But the problem is, you’re too old. So really, I’m 44 years old. I was then of course. And why? How? I don’t understand. How can I be too old at 44? Because, you know, Mitch, all of our CEOs are 27, 26, 28. I mean, our investors would see you as kind of a fossil. I said Got it. Okay. And so what I did then instead of working for them is I started my own investment bank basically and I started to build a fund and started to invest in startups and became Assist Ventures. And I ran that for a little while, always staying in touch with my friends. 

So my dear friend of Chet Holmes, and I all through the journey of Timeslips he was my, one of my greatest supporters. He worked for a large magazine and helped me get advertising space in the magazine and a very big discount, and I became a great customer, a great client for him as well. So after I wrapped up the whole VC experience, and I get it, I’m trying to skip as much of this as possible for brevities purposes. 

Doug: Oh, it’s a great story. We need to hear it.

Mitch: Okay. Well, what ended up happening then, is that I got a phone call. Now while I was after I had sold my company to sage. I’ll tell you one funny element of the story is that I went to the CEO when I just ended up being one of the Sage product lines. And I said, What is my marketing budget? And the guy said to me, it’s unlimited. I said, Yeah, great, actually. So what do I have to do to access that? He goes, do whatever you want. I said Really? He goes, yup. long as you’re making a profit you have unlimited funding. 

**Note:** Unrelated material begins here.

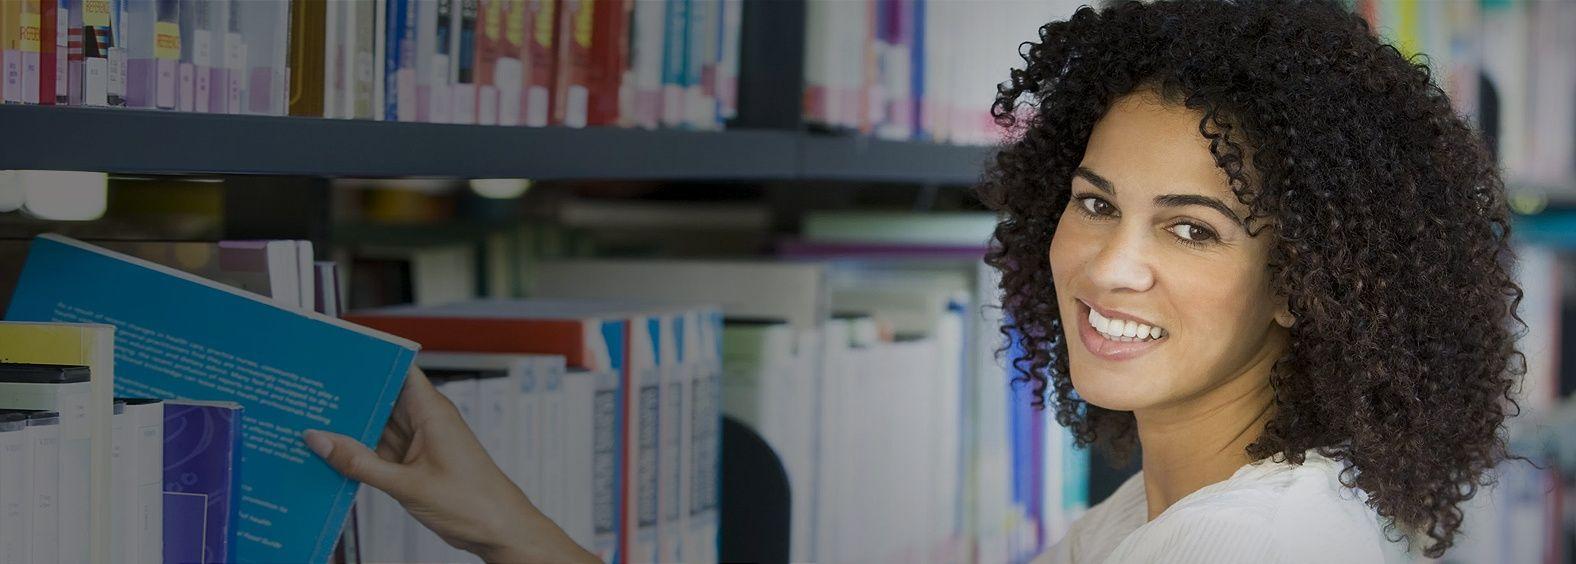 woman at book shelves.jpg

I said, Okay. This is what I love to hear. So what I actually did at that point, went ahead and dropped about quarter million dollars worth of direct mail into the US postal system. Now, what this guy did was that put the last nine months leading up to that I had been testing my direct mail offer for nine months. I must have ran 19 or 20 tests, and we tested envelope size color headlines. Words size. I mean, we tend

Doug: Anything you could test.

Mitch: Anything. By the time we got the go-ahead to drop that quarter-million piece direct mail blast, we had perfected everything. We had our upgraded software ready to go, debugged and running. And we killed it. We generated triple the profits we did before. I never had the nerve to spend that kind of money when I was on my own. So we just murdered it. And then later after I sold the company, we were told that we had generated, our profits increased 500% while at Sage. 

Now, I mentioned earlier I met Chet Holmes at Sage, at Timeslips and Chet and I became very, very close friends. We spoke every week, sometimes several times a week and I had a health scare and he was with me just about every day supporting me from his offices in Los Angeles. And as he and I both developed our careers and our businesses, he came to me and said, Look, I’m having a problem here with my own little startup, Chet Holmes International. Would you join me? Help me? 

And I said, Yes. Well, once I did, I started growing his company like wildfire. And what happened as a result was that he ended up engineering a conversation with Tony Robbins. So Chet, Tony and I got on a phone call every Thursday night and talked about how we can build a company together. And that was the beginning of Business Breakthroughs International. 

Doug: Got it. And those of you who don’t know Chet Holmes who’s now departed, but when he was with us, he wrote the Ultimate Sales Machine. So pretty well-regarded book in the pantheon of sales books, I would say. One of my favorites.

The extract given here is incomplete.